__PROBLEM__.
Would you repeat the listing exactly, without any of its images?

__RECORDED DATA__.
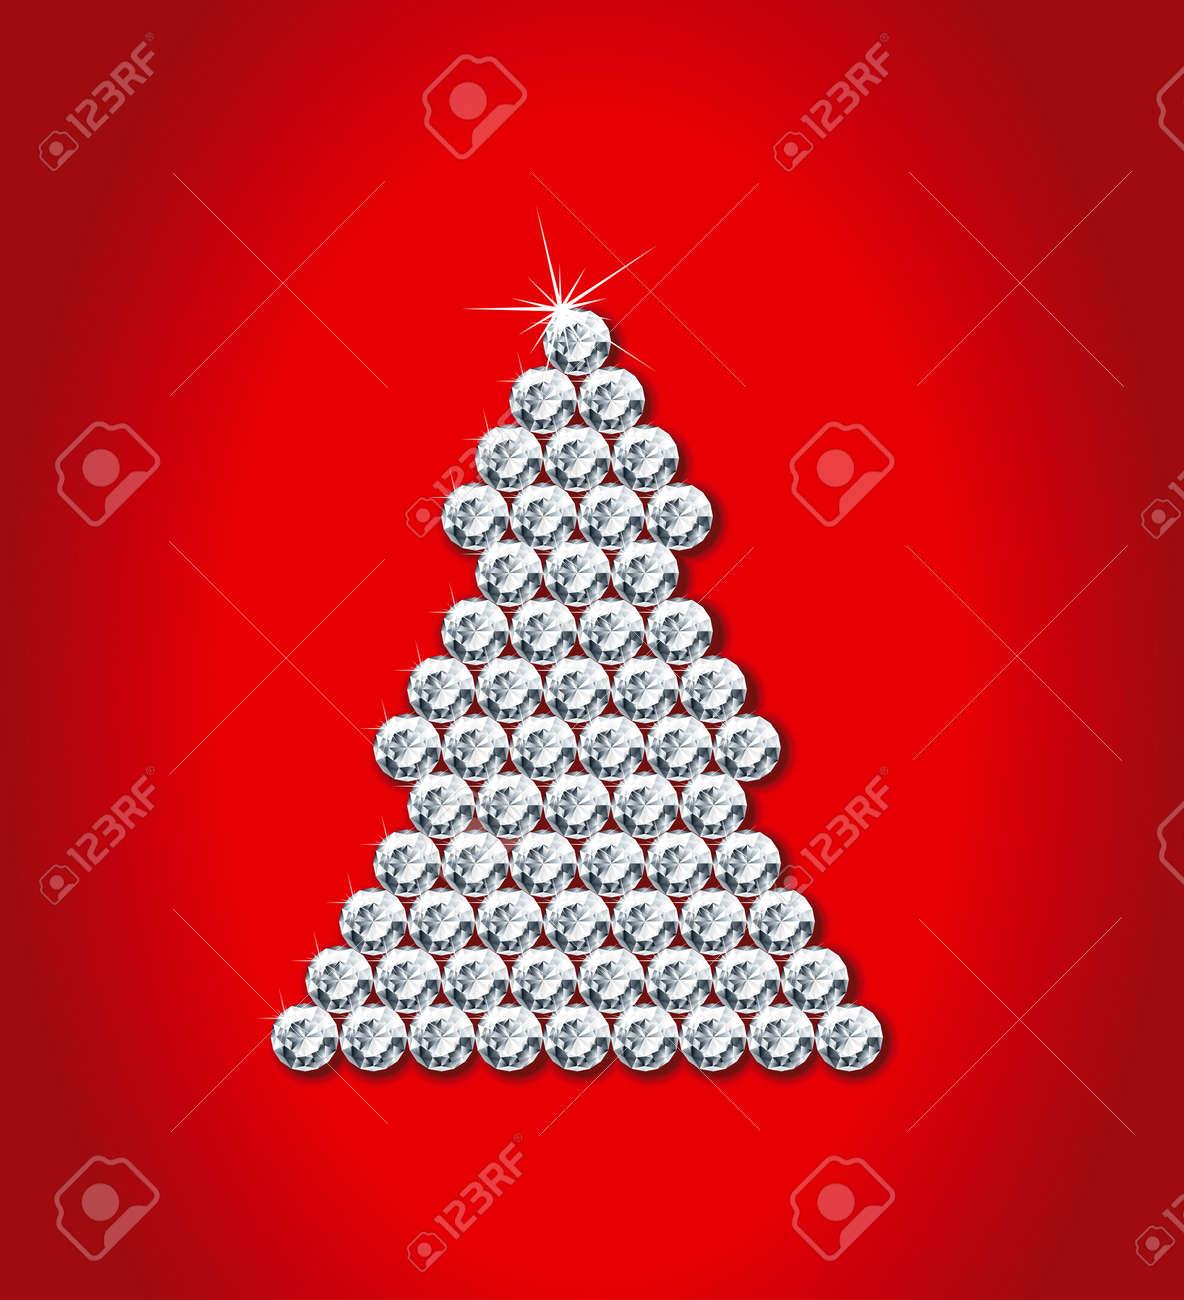 Diamond christmas tree  Vector illustration of christmas decoration with diamond glamour fir tree Stock Vector - 23284684
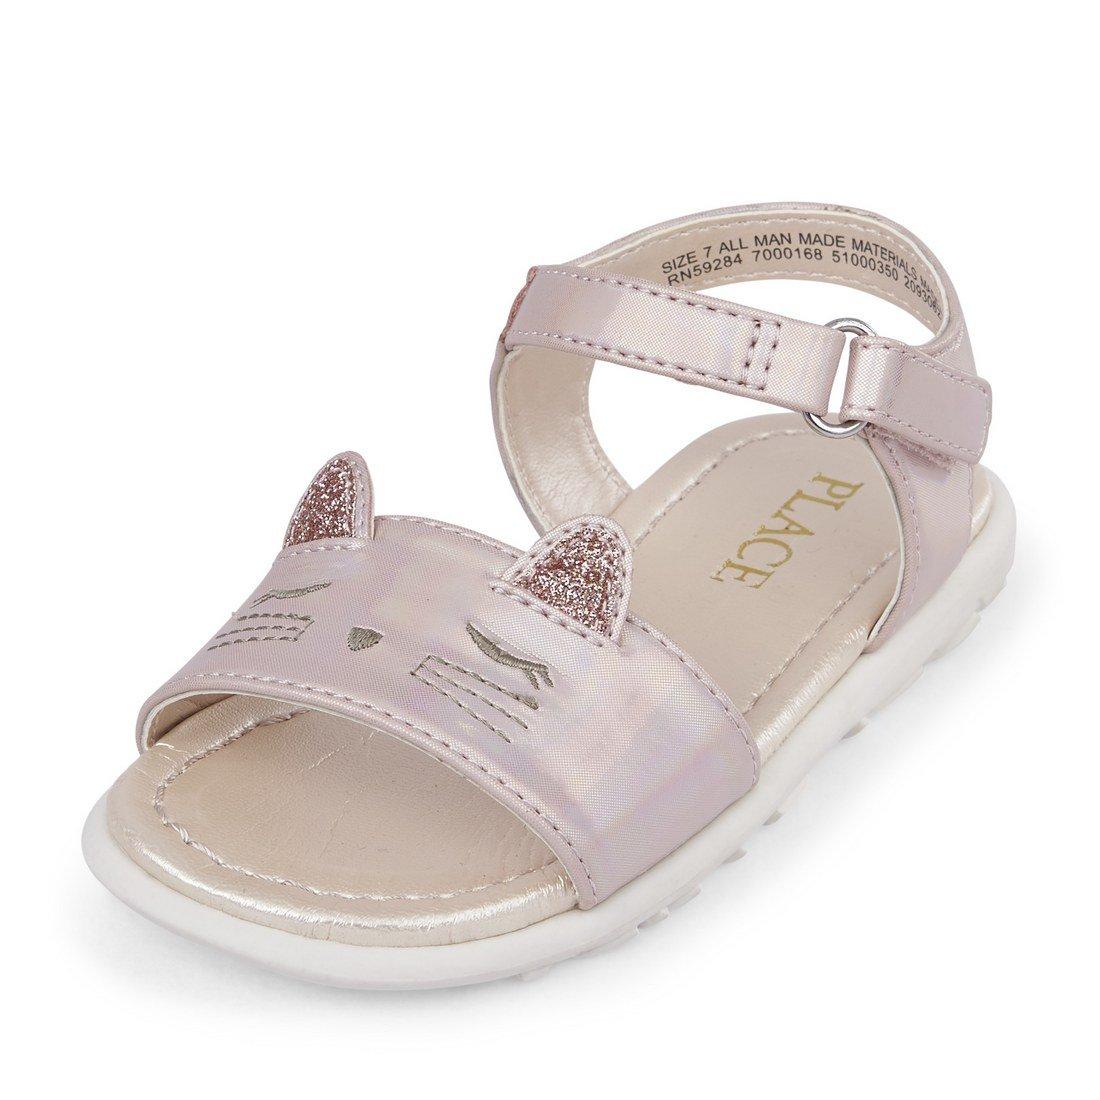 The Children's Place Girls' TG Cat Canary Flat Sandal, Pink, TDDLR 6 Medium US Big Kid
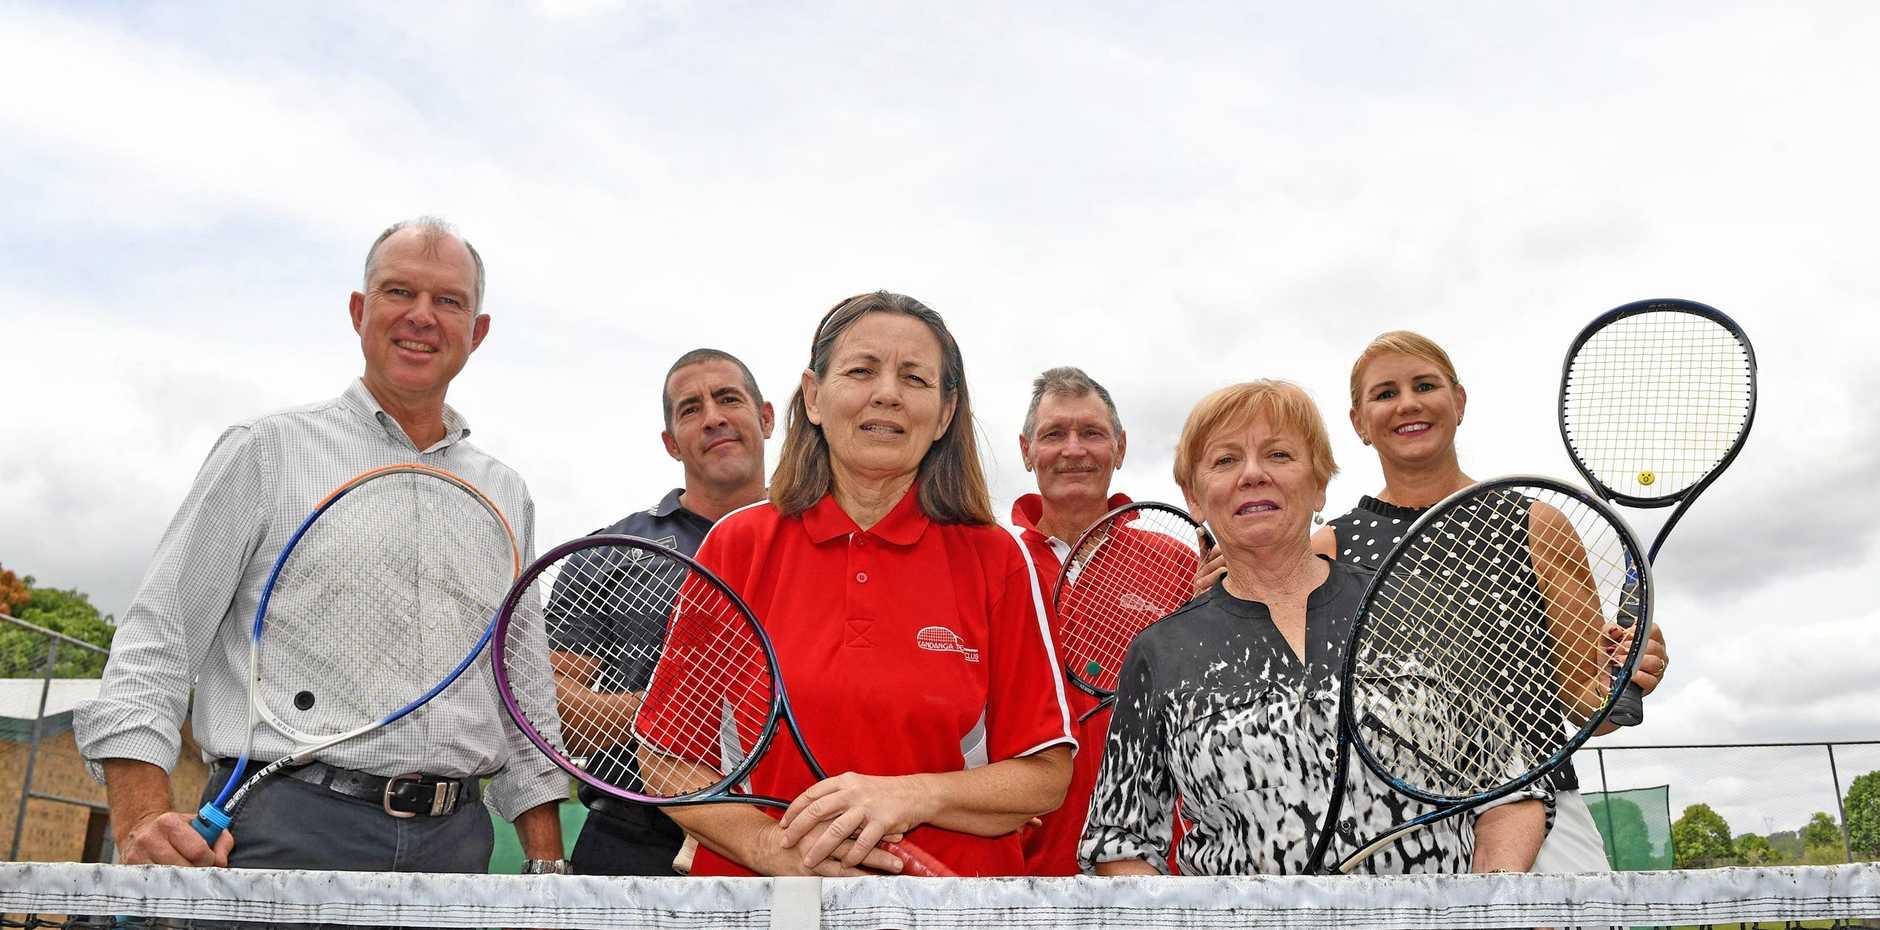 HITTING NEW HEIGHTS: Gympie MP Tony Perrett, Senior Constable Bill Greer, club treasurer Steve Banney, Michele Perrett, Margaret Gillett and Julie Worth at the Kandanga Tennis Club.

__TASK RESPONSE__.
 Diamond christmas tree  Vector illustration of christmas decoration with diamond glamour fir tree Stock Vector - 23284684
 The Children's Place Girls' TG Cat Canary Flat Sandal, Pink, TDDLR 6 Medium US Big Kid
 HITTING NEW HEIGHTS: Gympie MP Tony Perrett, Senior Constable Bill Greer, club treasurer Steve Banney, Michele Perrett, Margaret Gillett and Julie Worth at the Kandanga Tennis Club.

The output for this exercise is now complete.